Cora squamiformis

Scientific classification
- Kingdom: Fungi
- Division: Basidiomycota
- Class: Agaricomycetes
- Order: Agaricales
- Family: Hygrophoraceae
- Genus: Cora
- Species: C. squamiformis
- Binomial name: Cora squamiformis Wilk, Lücking & Yánez-Ayabaca (2013)

= Cora squamiformis =

- Authority: Wilk, Lücking & Yánez-Ayabaca (2013)

Species of lichen

Cora squamiformis is a species of basidiolichen in the family Hygrophoraceae. Found in the high Andes of South America, it was formally described as a new species in 2013 by Karina Wilk, Robert Lücking, and Alba Yánez-Ayabaca.
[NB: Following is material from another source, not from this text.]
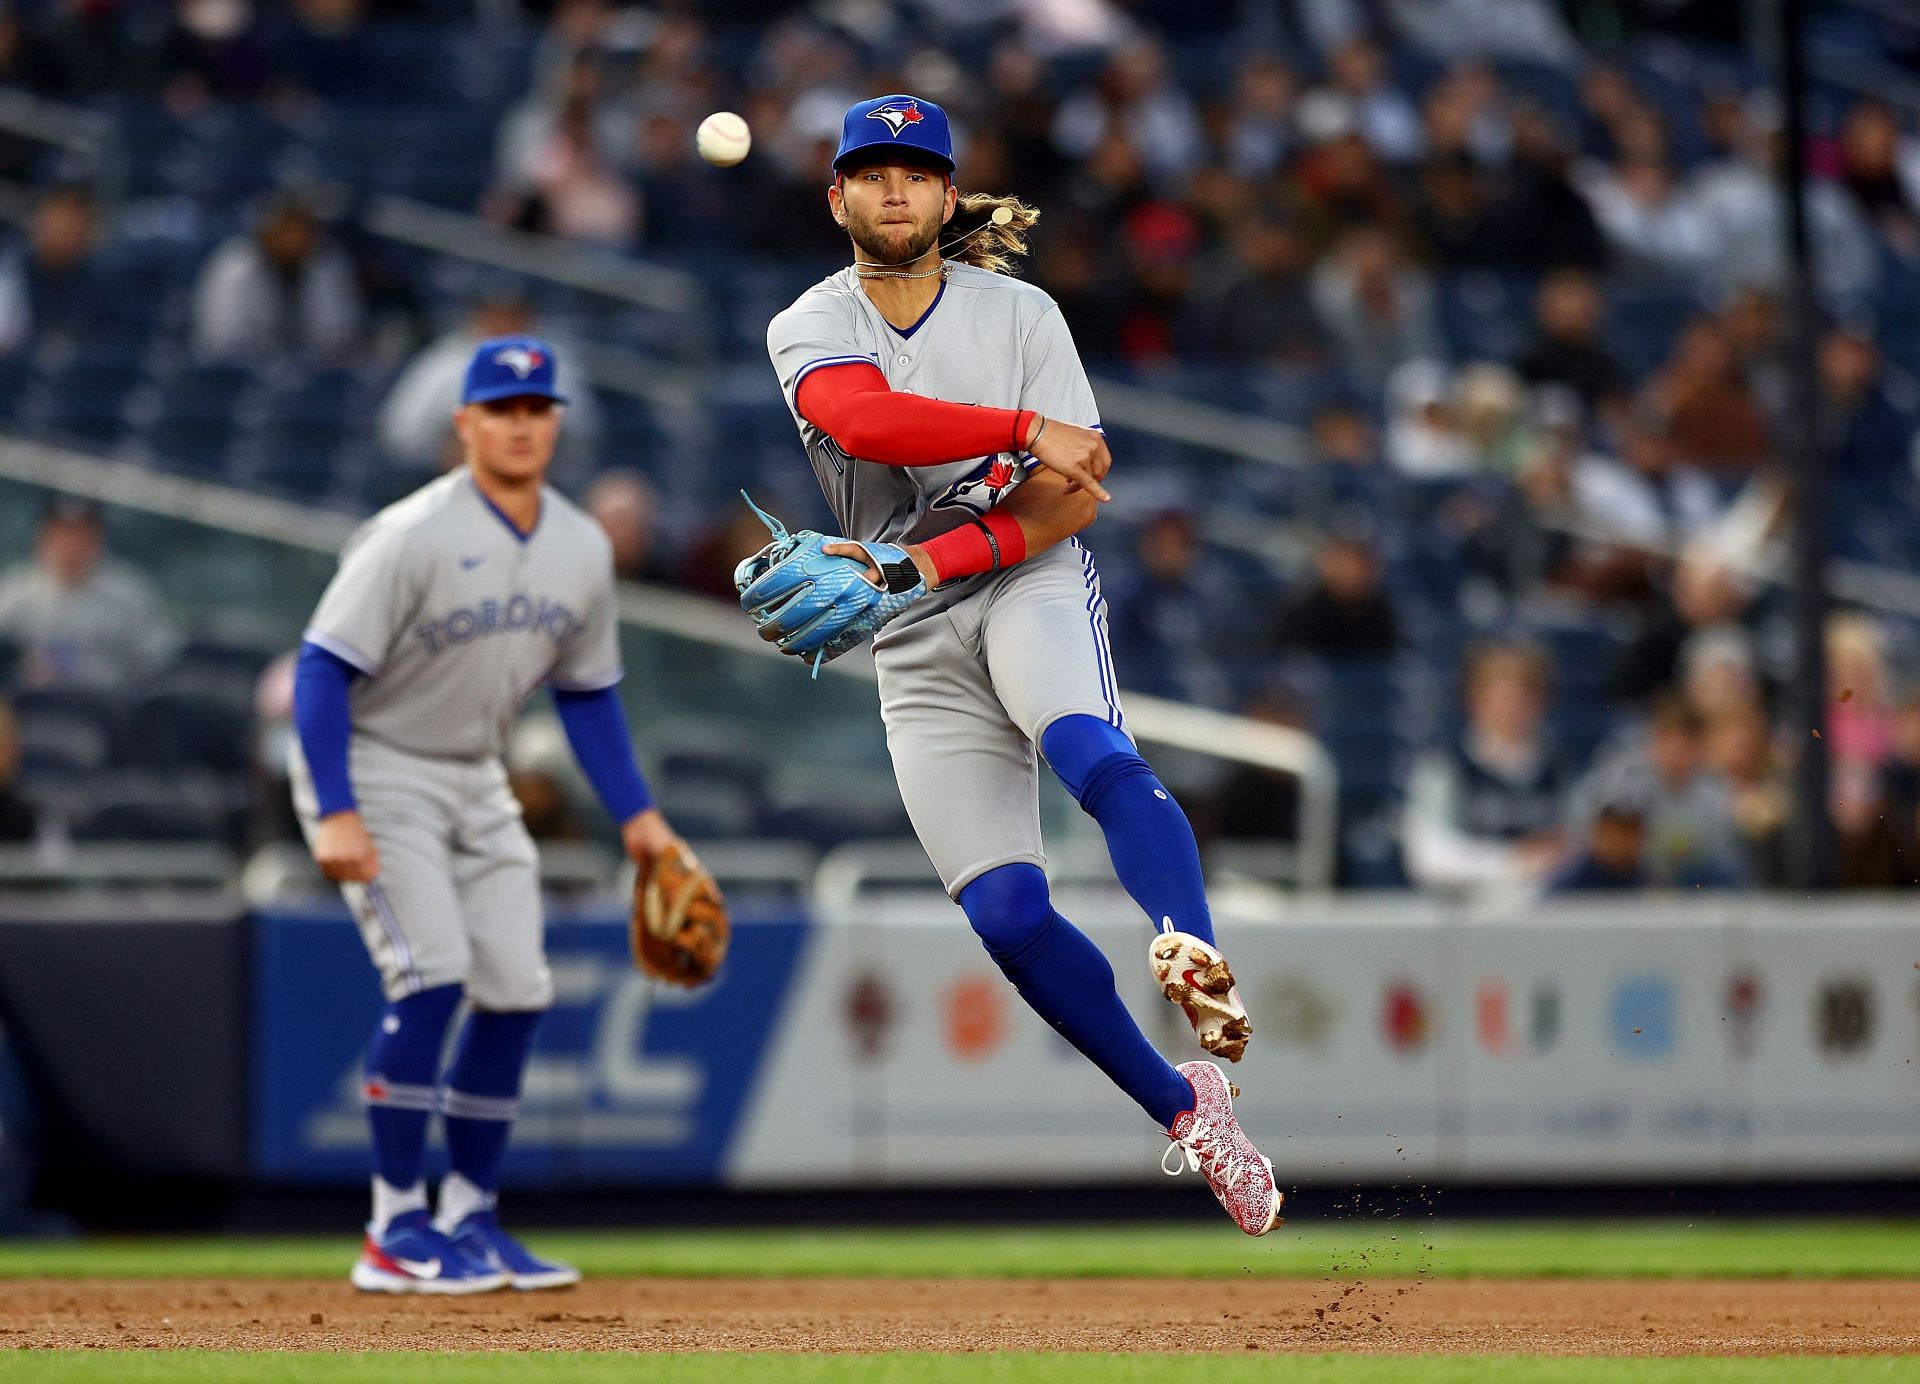 Bo bichette looked like Michael Jordan making that catch” - Toronto Blue  Jays shortstop Bo Bichette stuns viewers with a full-extension double-play  grab

The type specimen was collected in Madidi National Park at an altitude of 4677 m. The lichen occurs in Bolivia and Ecuador, where it grows on the ground between bryophytes amongst high-mountain vegetation. It forms olive-grey to grey thalli up to 3 cm across, each typically comprising 3 to 5 semicircular lobes. The specific epithet squamiformis refers to the squamulose (scaley) appearance of the thallus. A close relative, Cora pavonia, occurs in the same habitat in Ecuador; it has much larger thalli and a different lobe configuration than C. squamiformis.